> [YOUR ASSIGNMENT]: Leave out the pictures and output the data verbatim.

> [INFORMATION SUPPLIED]:
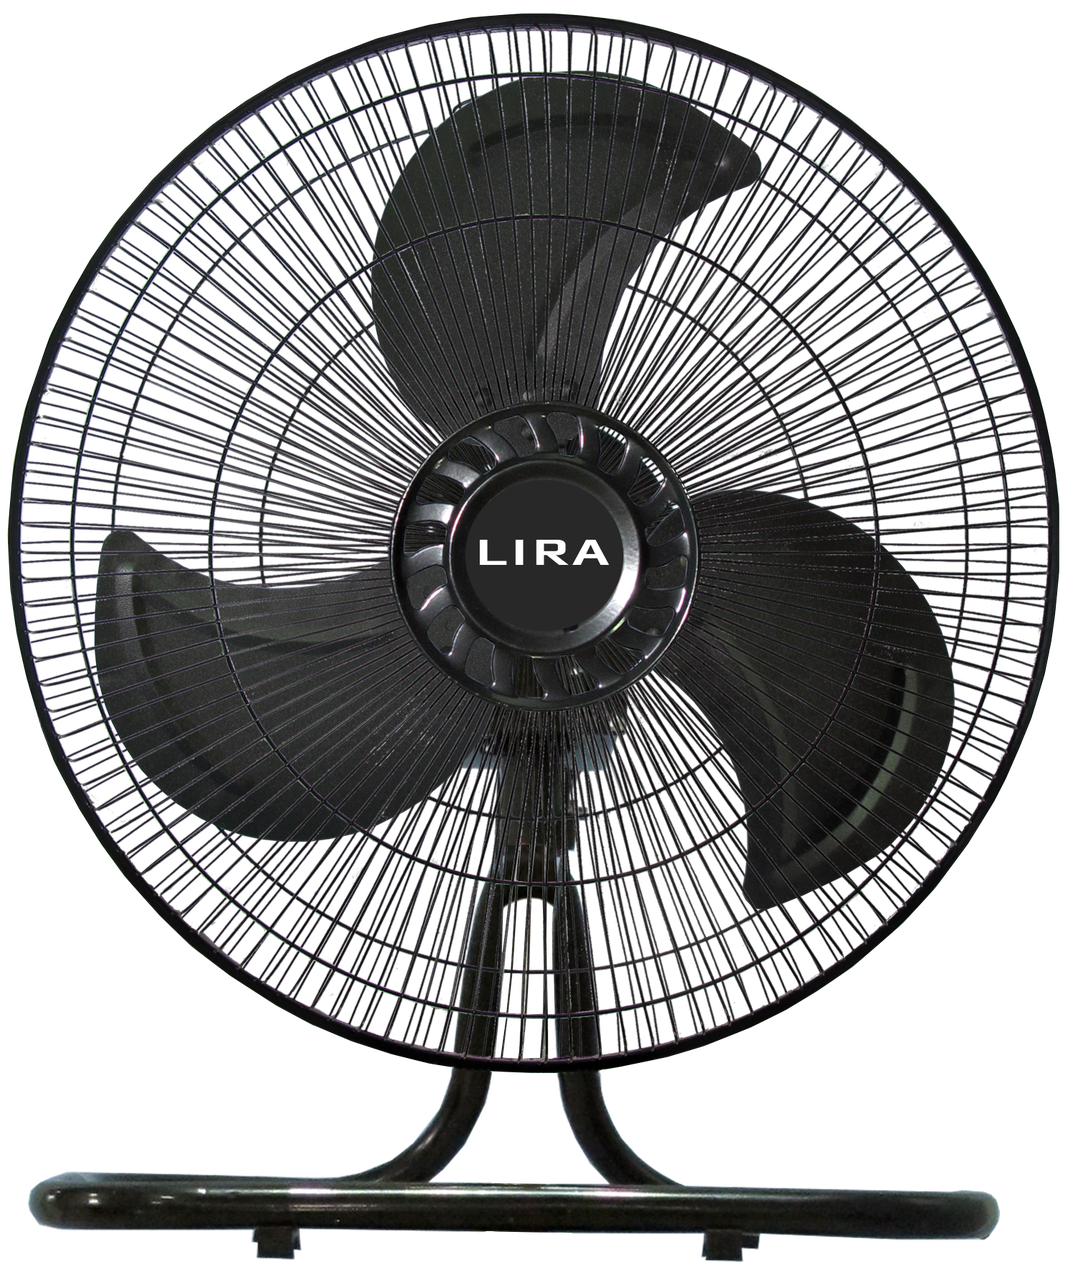 Вентилятор настольный  LIRA LR 1110 (125 Вт) трансформер  3в1 (напольный, настенный)
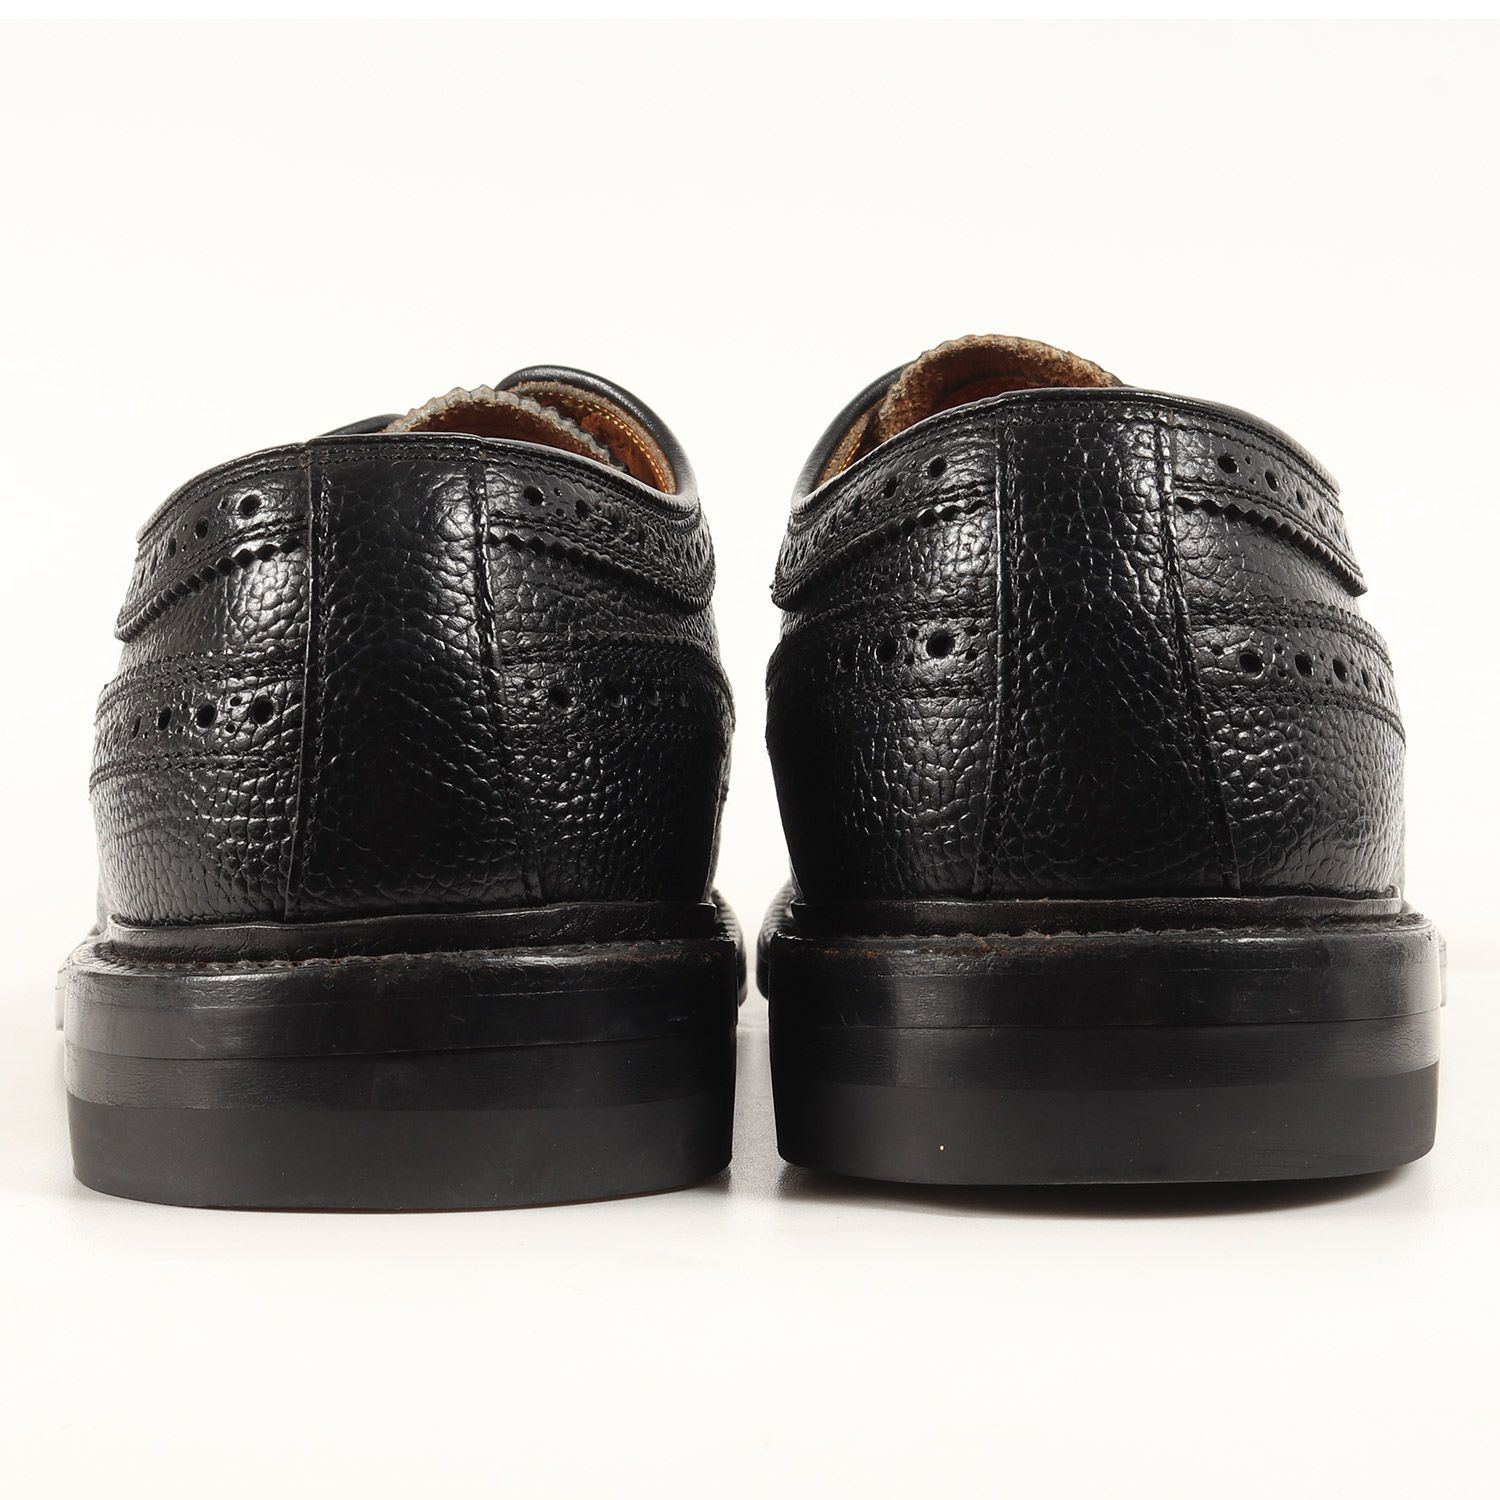 REGAL リーガル サイズ:24.5cm グレインレザー ウイングチップ 外羽根 シューズ ビジネスシューズ(676) ブラック 黒 革靴 ブランド 【メンズ】
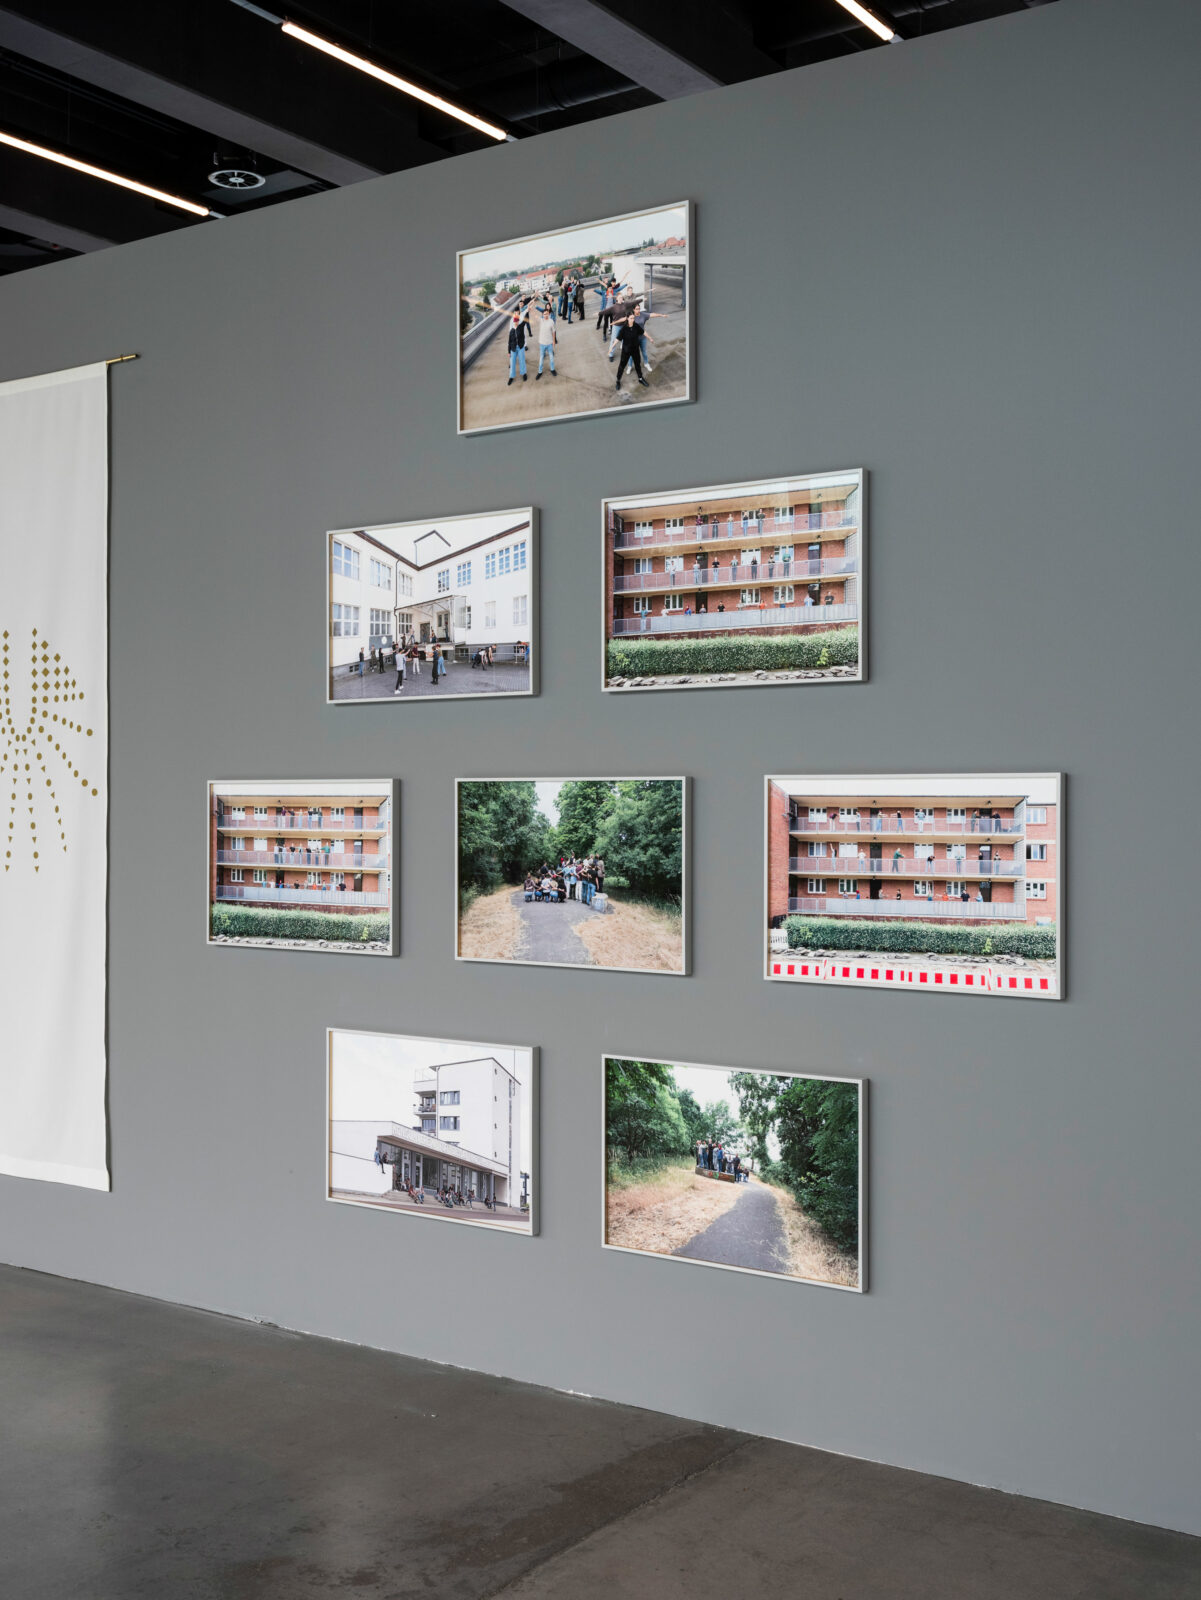 Detailansicht der Fotodrucke von Christina Werner. Sie zeigen Menschengruppen an verschiedenen Orten in Dessau.

> [RESULT OF THE TASK]:
 Вентилятор настольный  LIRA LR 1110 (125 Вт) трансформер  3в1 (напольный, настенный)
 REGAL リーガル サイズ:24.5cm グレインレザー ウイングチップ 外羽根 シューズ ビジネスシューズ(676) ブラック 黒 革靴 ブランド 【メンズ】
 Detailansicht der Fotodrucke von Christina Werner. Sie zeigen Menschengruppen an verschiedenen Orten in Dessau.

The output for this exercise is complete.